Abstract
People with a family history of hereditary disease can dispute the common assumption that genetic risk must be contained at all costs. Whilst not averse to undergoing predictive genetic testing, their decisions regarding reproduction can be controversial and may appear to be unethical. In this article three narratives on reproductive decisions by people at risk of Huntington's disease reveal that neither the lay person's ethical considerations on reproductive choice nor the resistance he or she may display toward dominant narratives on risk containment are straightforward.

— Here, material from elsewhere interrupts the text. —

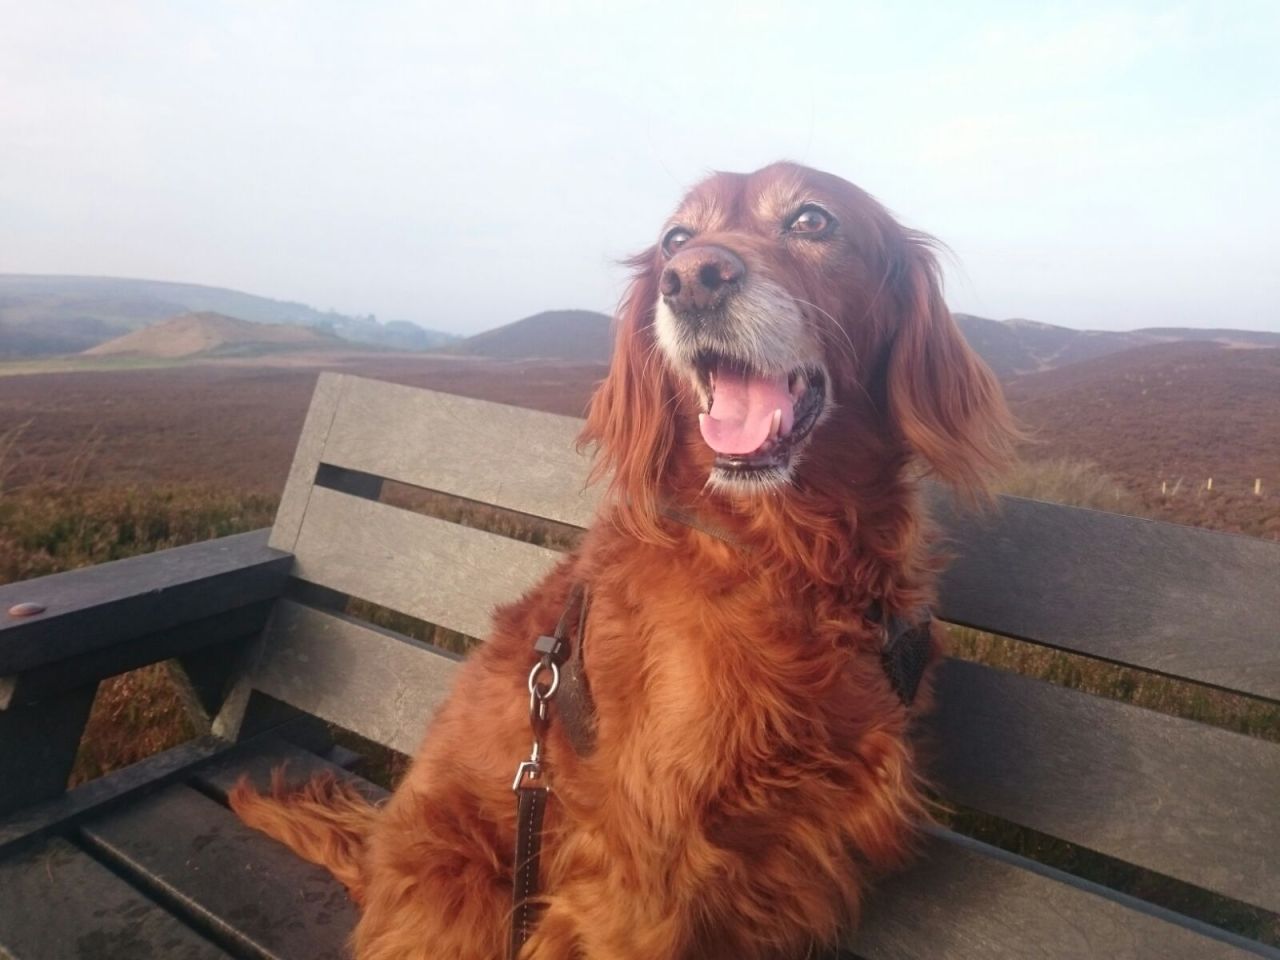 She might be an old dog, but she still loves scenic walks (Source: http://ift.tt/2j2dvwL)

The informants' accounts are examined as counter narratives of resistance against the backdrop of a dominant meta-narrative on genetic risk, yet they raise the question of whether people can truly speak outside the systematised productions of knowledge that are formative of their social realities.
Notes
1. PhD conducted in 2000–2005. Data were collected in 2001.
2. Although technically it is now referred to as ‘presymptomatic’ (Human Genetics Society of Australasia 2008), I retain the older term in view of how informants considered the predictive value of the test for planning the future.
3. Interested readers can find details in Decruyenaere et al. 2007 and Stern et al. 2002.
4. Adoption is no longer granted to individuals at risk or who are gene-positive for HD (Tyler 1996).
5. Rita's interview was not audio-taped. The informant's own words are reproduced here in italics.